Heart disease is the number one cause of death in both men and women, and it’s a leading cause of disability. Heart problems are often caused by a build-up of plaque in the arteries, which causes hardening or narrowing. This accumulation can lead to a blockage that causes a heart attack, stroke, or internal bleeding. The process is very important for keeping your heart healthy as well as keeping you alive.
In this article, we will discuss the basic facts about what causes heart disease and how to prevent it. We will also look at some simple lifestyle changes you can make to protect your heart. But before we get started, here is a quick look at some facts about heart health:
Heart disease is the number one killer of both men and women in the United States, and it is a leading cause of disability. Plaque in your arteries can cause hardening or narrowing of the arteries, which in turn leads to a blockage that causes a heart attack, stroke, or internal bleeding. Heart attacks are caused when plaque ruptures and cuts off blood supply to an area of your heart muscle. Heart attacks usually happen when the heart is working harder than normal.
Every year, about 700,000 Americans will have a heart attack, and more than 500,000 will suffer a stroke. Strokes can lead to long-term disability or death. More than 17 million people in the United States (1 in 3) have some form of cardiovascular disease (CVD), which includes heart disease or stroke. By 2020, that number is expected to grow to 1 in 2. High blood pressure has no symptoms, but often it can be treated before it leads to other problems. It can be hard to tell if you have high blood pressure because it often causes no symptoms.

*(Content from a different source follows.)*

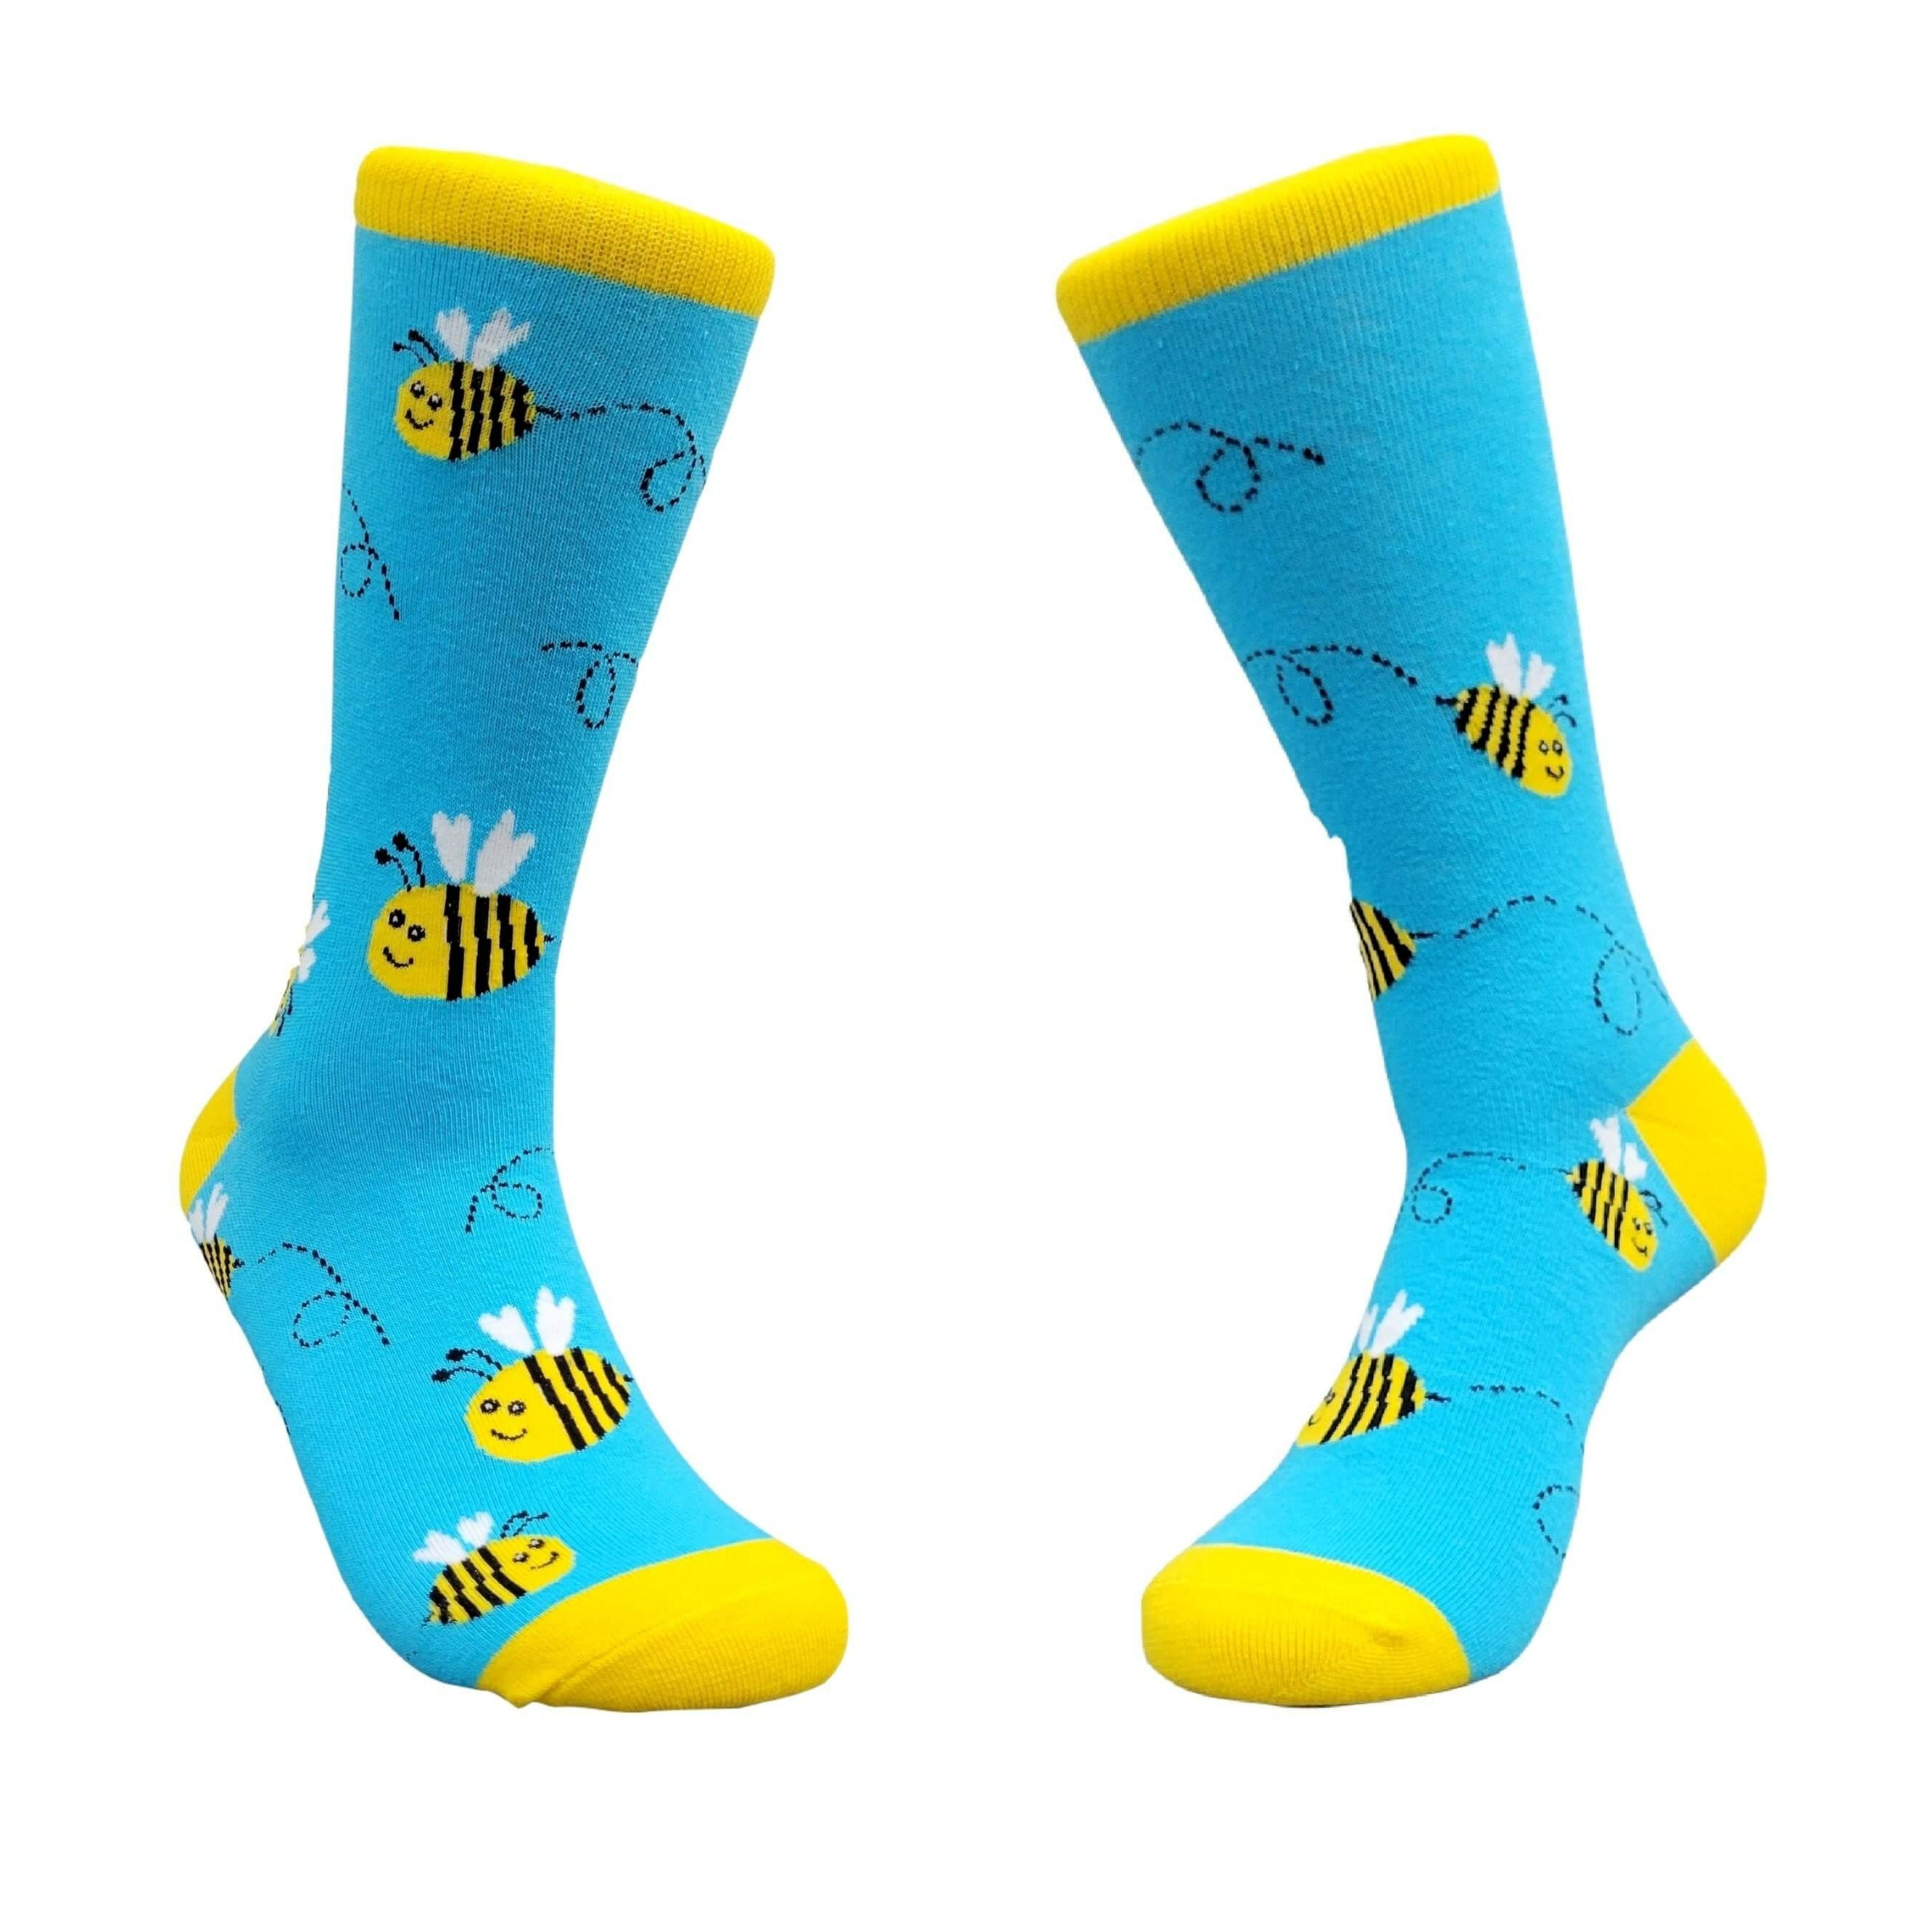 Buzz Like A Bee Socks from the Sock Panda

The good news is that heart disease is now the number one killer of men and women in the world, and it is a leading cause of disability. People in many other countries, especially those in Asia, have much lower rates of heart disease than Americans, but still too much.
Heart Disease Causes
What causes heart disease? Why does plaque build-up in your arteries? The answer to this question can be found by looking at your lifestyle and focusing on what you eat and drink as well as the amount of exercise you get each week. We will give you a few facts about these things first.
- Smoking is the leading cause of heart disease, and secondhand smoke kills as many as 7,000 people every year in the United States alone. It also causes 85,000 premature deaths each year in women and 44,000 premature deaths in men. We don’t mean to scare you away from smoking, but we do want to make sure you know all the facts about it before you light up!
- Obesity is also a major cause of death from heart disease. In other words, a high BMI increases your risk.
- High cholesterol is also a big factor in the development of heart disease. In fact, 35% to 40% of all heart disease cases have been linked to high cholesterol levels. The risk of heart disease is due to LDL levels that are mostly caused by obesity and lifestyle factors such as smoking and lack of exercise.
- What you eat contributes greatly to whether or not you will develop heart disease down the road. And what you drink matters too! A diet rich in saturated fats and trans fats can lead to hardening or narrowing of the arteries, which could cause a heart attack or stroke down the road.
- You can dramatically decrease your risk of developing heart disease with simple lifestyle changes. These changes include eating a healthy diet, eliminating tobacco, staying at a healthy weight, getting plenty of exercises, and managing stress.
- The good news is that you can do something to prevent heart disease right now! And the best part is that these lifestyle changes are easy to make and will increase your quality of life in many ways! Most importantly, you’ll extend your life in the process.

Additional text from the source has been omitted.